For this example, I'm just going to write in some regular numbers. We'll insert product A and then we'll insert product B. Let's give product B a pretty different embedding. Let's say it starts at 9 and then does 10, 11, 12, and 13. How many dimensions? Four dimensions. Okay, we need to make sure that we only have four. We'll lop off the first one here. We've got 1, 2, 3, 4, and 10, 11, 12, 13. Running that and reading it back. Select * from products_v. Now we have our products and our embeddings, which in theory were provided by some outside model. Now these embeddings represent some underlying truth, some underlying reality about these products. Maybe it is you take the product description and all of the tags and the title and you hand that off to a model and get the embeddings back. Or maybe you take the images and hand those off to a model and get the images back. Basically what we're doing here is we're saying, take this human-readable representable thing, text, image, whatever, turn it into a machine-readable representable thing. Then what we're going to do is we're going to say, based on this machine-representable presentation of the underlying reality, let's find all the things that are similar to that.

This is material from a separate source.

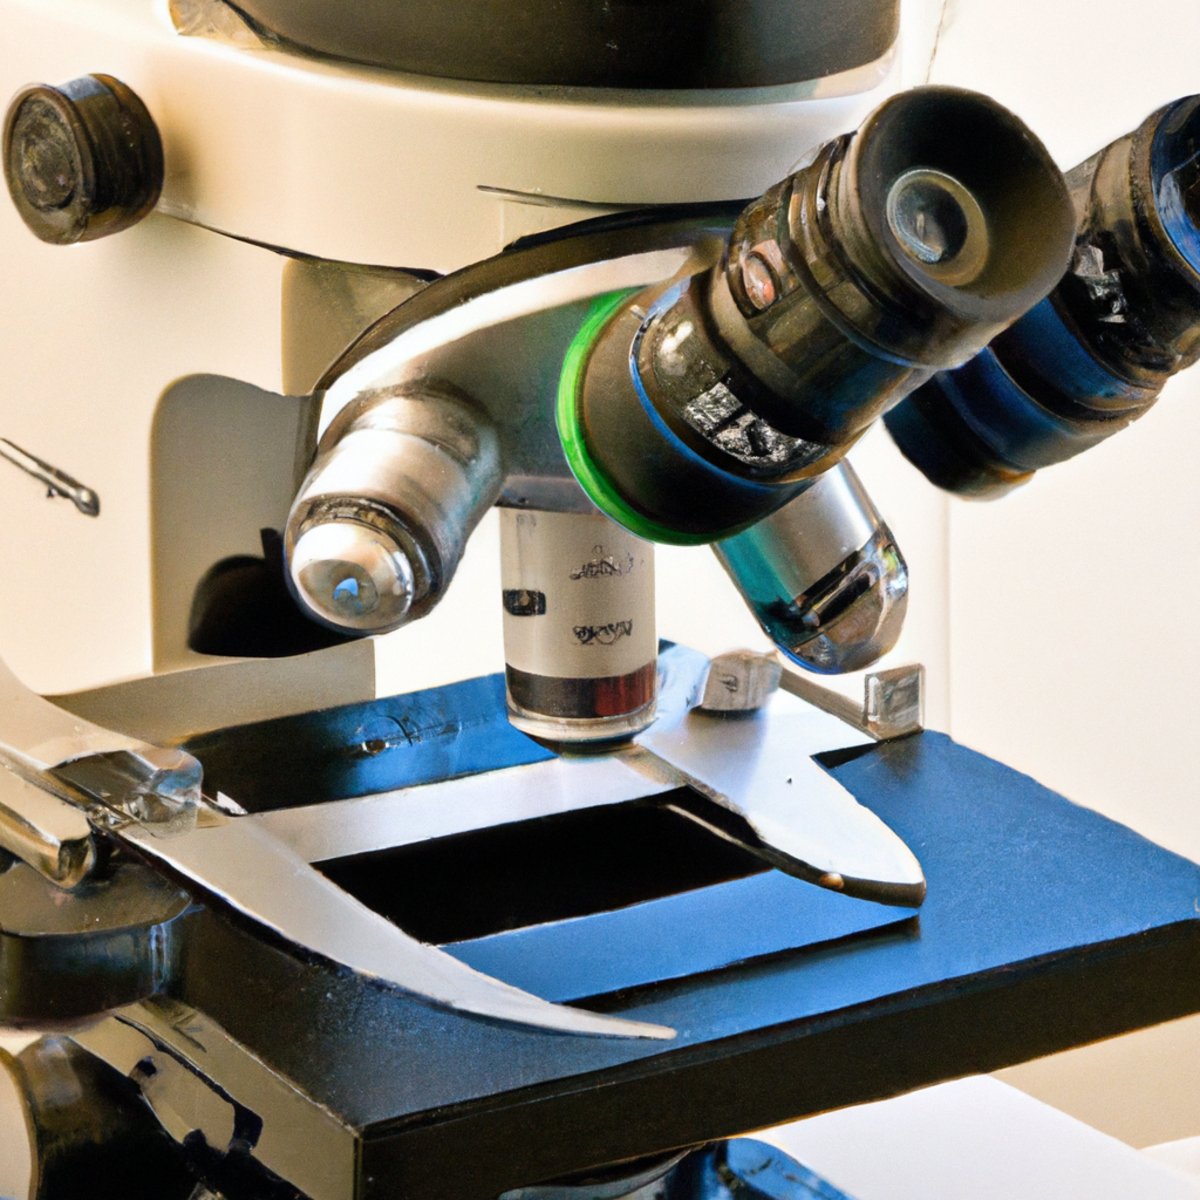 Microscope examining tissue samples for Proteus Syndrome research.

Now with these products in the database, let's see if we can find similar products. Here we go. We've got these two products here. We've got product A and product B. We can get rid of that guy. Let's, yeah, we can get rid of that guy too. We just have those products. Imagine a scenario where you're given some input from the user and you're doing a sort of search. Let's say you're given some input from the user and then you turn that input into an embedding, either using a local model or one of the providers. Then the way that you can compare these things, you have a couple of different operators.

The first one that we're going to look at is this L2 operator. This is maybe the most common. This computes the distance in a Euclidean geometry. It's very complicated, it's math that I don't fully understand. There's an L2 operator, an L1 operator and a couple of others that we'll look at in a minute. This is maybe the best one for approximating like nearest neighbor similarity. We'll get to that in a second. What you do is you say, all right, take the user input, run it through a model, get an embedding back, and let's just start here by just saying, wow, that embedding came back exactly the same, which is not going to be the case. You see that the L2 distance between this embedding and the embedding for product A, it's zero. It's the exact same embedding. Of course it's going to be the same. Now probably it's going to look something more like this. That's where it starts to be more useful, where we say, ah, this input is kind of shaped like this thing that we have stored, or it's closest to these couple of things that we have stored.

You'll see that this distance for product A is much closer than the distance for product B. Meaning product A is most similar to this vector embedding right here. What you would typically do is you would say select from products order by, and we would say order by embedding. This would be the user's search slash a different product's embedding. So user search we talked about, but a different product's embedding, this can drive a related products feature, right? If you're on the page for product A, you can take this embedding and say, hey, database, give me all the products that are like product A, because I want to show 'em to the user and hope that they buy a bunch more stuff. If they're looking at this, they might be interested in that. This is a way that you can create that feature. That's where we're going to leave our little demo for now.

We'll continue to explore some more advanced use cases, but it is just wild to me that embeddings are a thing. That you can take some portion of reality and represent it as floating point numbers, kind of blows my mind, but it's terribly awesome and so we're going to continue to explore it here.